In April 2015, Barrack took the company public, rolling up Colony Capital’s business into the publicly-traded mortgage real estate investment trust it managed, Colony Financial, and in 2016 merged with NorthStar Asset Management and NorthStar Realty Finance.
So what’s a distressed real estate expert doing injecting cash into a troubled Hollywood studio?
Over the years, Colony has expanded its investment scope outside of the realms of distressed real estate debt. These investments include French professional football team Paris Saint-Germain, acquired in 2006 and subsequently sold to the Qatar Investment Authority; First Republic Bank, acquired together with General Atlantic and the bank’s management from Bank of America for $1.86 billion in equity in July 2010; Station Casinos, acquired in a $9 billion public-to-private in November 2007; Michael Jackson’s Neverland ranch; and – most pertinently – Miramax Films and its film library.
The Weinstein brothers founded production and film company Miramax Films, which they then sold to the Walt Disney Company and left to start TWC in 2005. In 2010, Barrack purchased Miramax for about $660 million through a separate account, then sold his stake in the firm last year.
Have these deals been successful?
Mixed. In the interview with our PERE colleague, Barrack called First Republic – which returned 3x equity when the firm took it public – “one of our best investments”. On the other hand, Barrack called the $9 billion Station Casinos public-to-private the “worst investment ever”. The company declared bankruptcy in 2009, and the deal led to reported write-downs of approximately 60 percent in the $4 billion Colony Investors VIII, although it’s understood more than a third of that loss has since been recouped.
What do we know about the investment in TWC?
On Monday the two companies issued a joint statement in which TWC said it had entered into a preliminary agreement with Colony to “provide an immediate capital infusion” into the business, and that the pair had entered a negotiating period for “a potential sale of all or a significant portion” of TWC’s assets.
TWC board member, Tarak Ben Ammar, said the company believes “Colony’s investment and sponsorship will help stabilise the company’s current operations, as well as provide comfort to our critical distribution, production and talent partners around the world”.
“Colony’s successful experience and track record in media and entertainment will be invaluable to the Company as we move forward,” he said.
For his part, Barrack said Colony believes TWC has “substantial value and growth potential”.
“We will help return the Company to its rightful iconic position in the independent film and television industry,” he said.
Which investment vehicle is Colony using for its investment in TWC?

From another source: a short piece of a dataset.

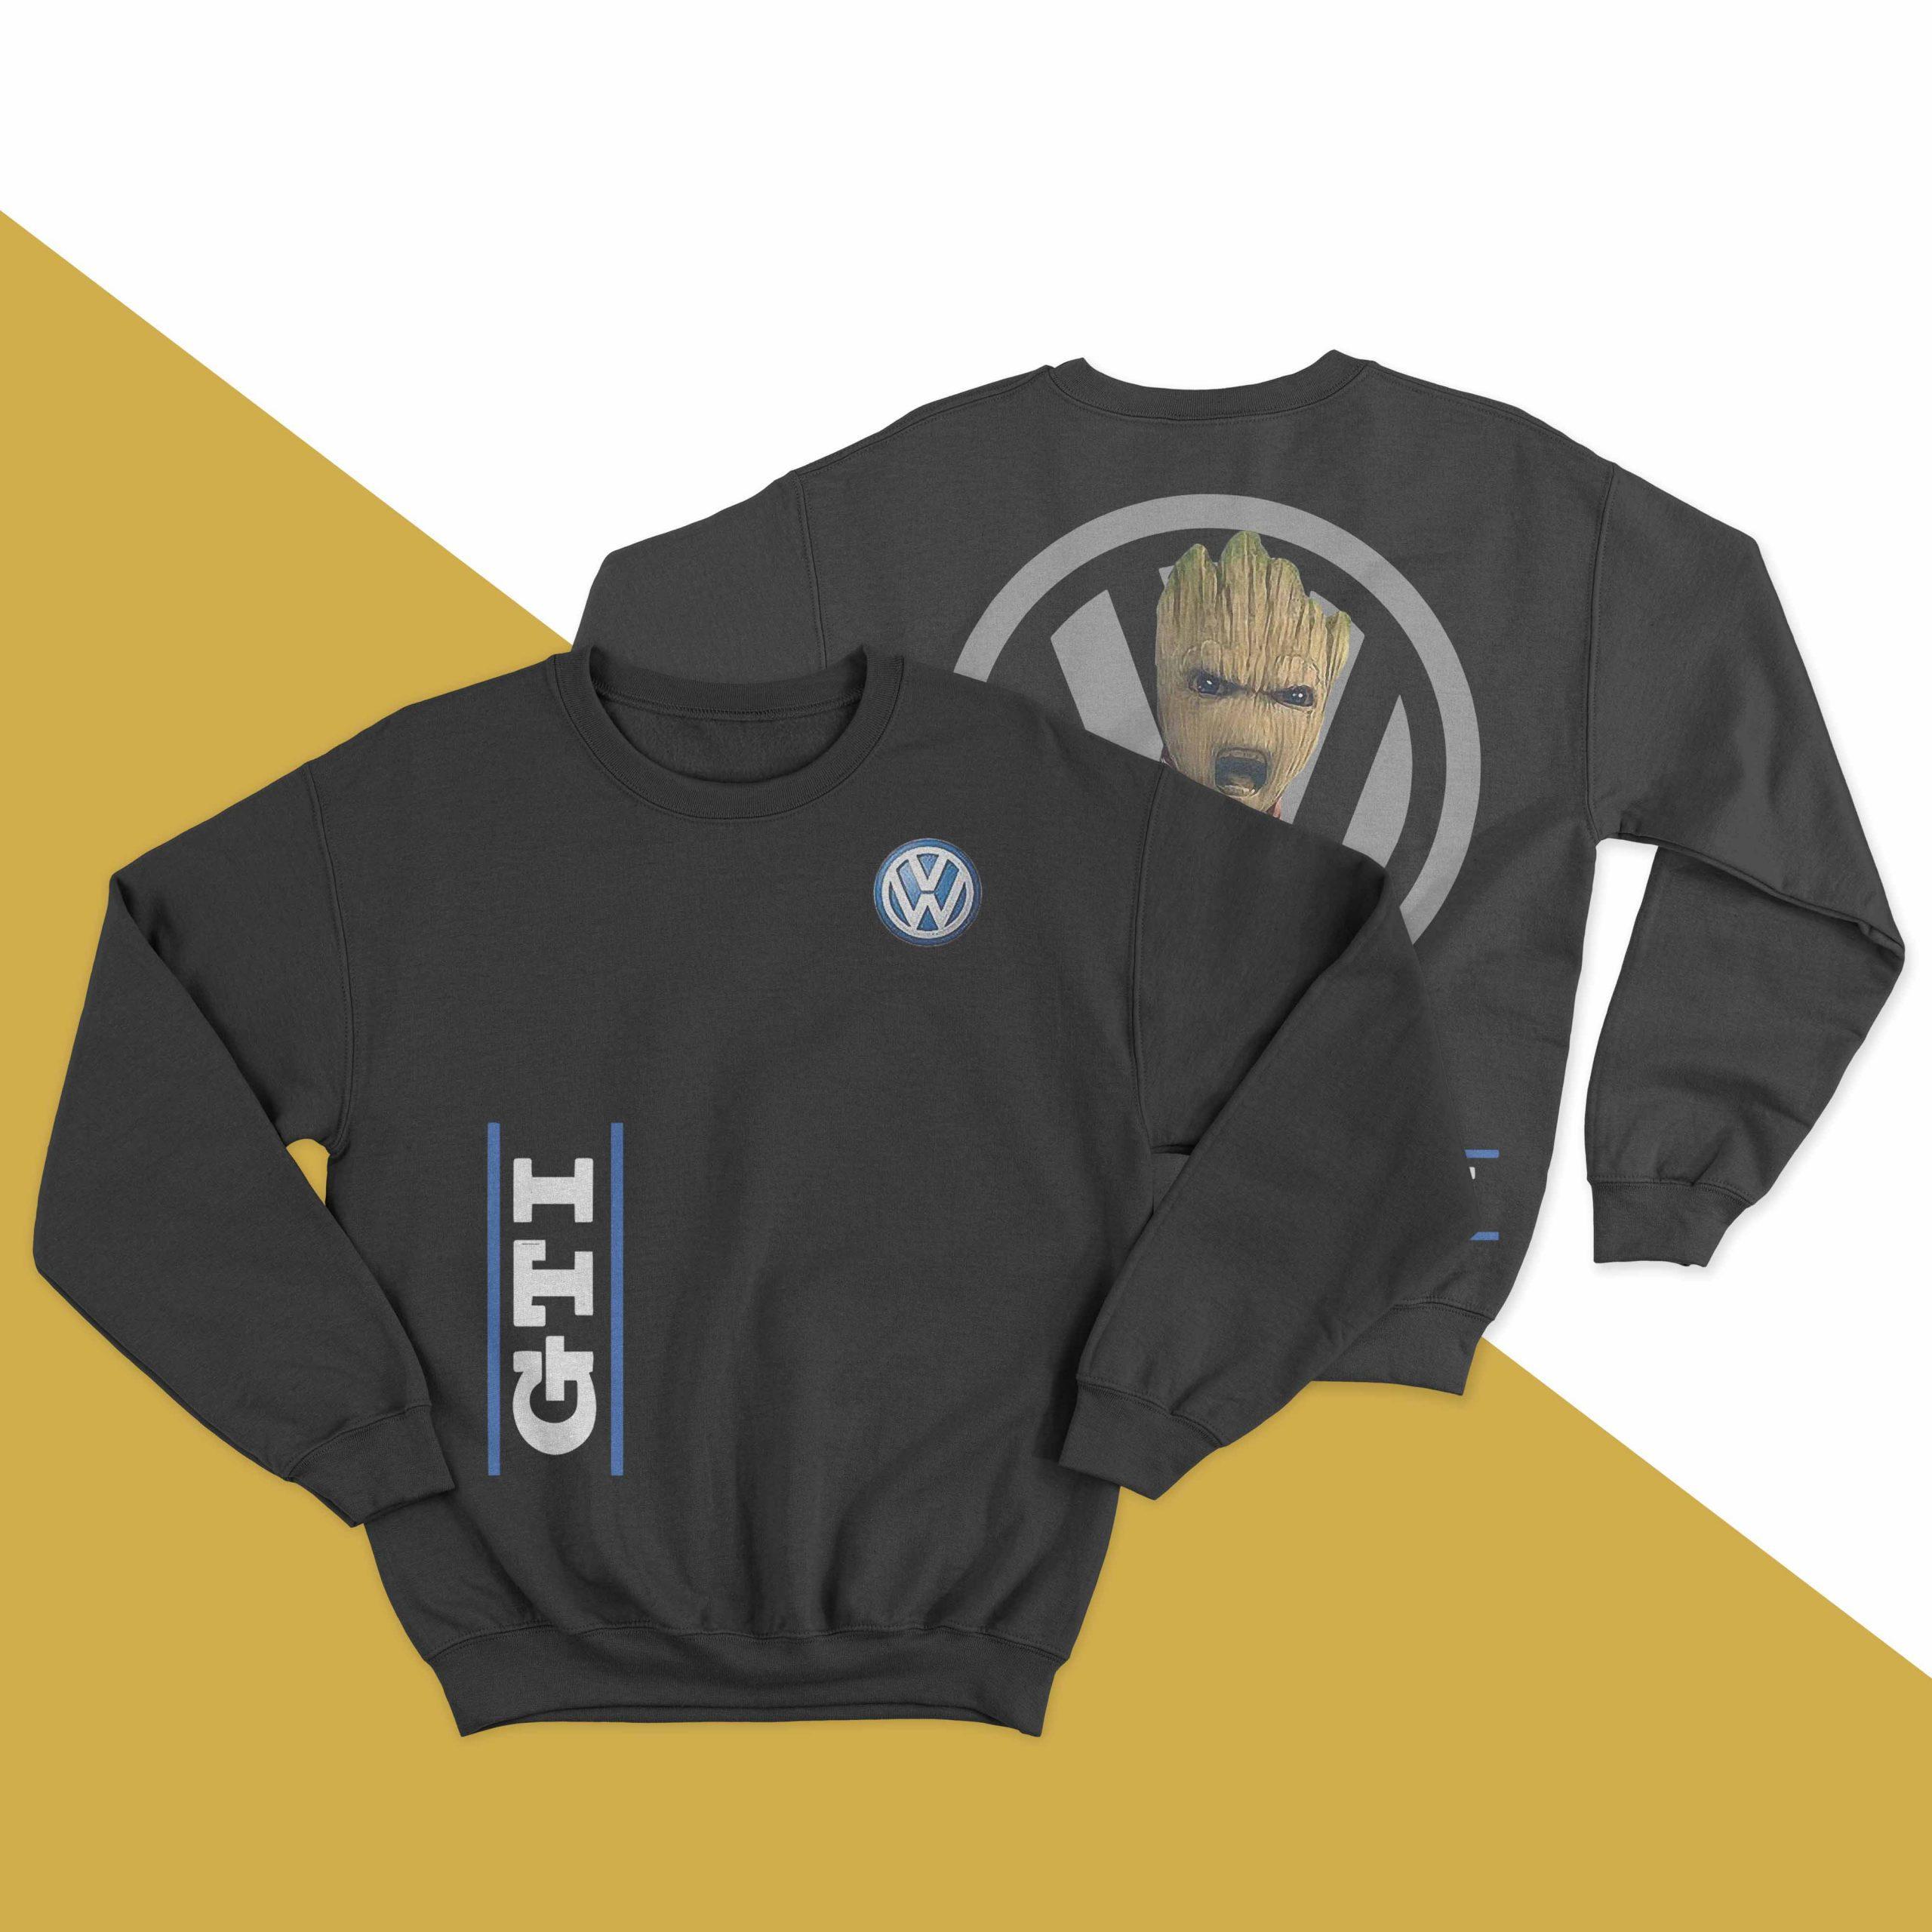 Baby Groot Gti Sweater

Colony has not specified which investment vehicle it is using for the cash injection or potential acquisition of the company’s assets. It is also not clear whether Colony is seeking to buy debt or equity in this deal. However, the Miramax transaction was made using a separate account, in which one of the investors was the aforementioned Rob Lowe.
What’s the play here?
At this point, it’s too early to tell, firstly, how much and which parts of TWC Barrack would be interested in acquiring (and at what price), and, once acquired, what he intends to do with them. An analysis in The New York Times on Tuesday takes look at the embattled studio’s assets, but as the newspaper rightly points out, any of the assets Barrack likes the look of will likely be available at a fire sale price.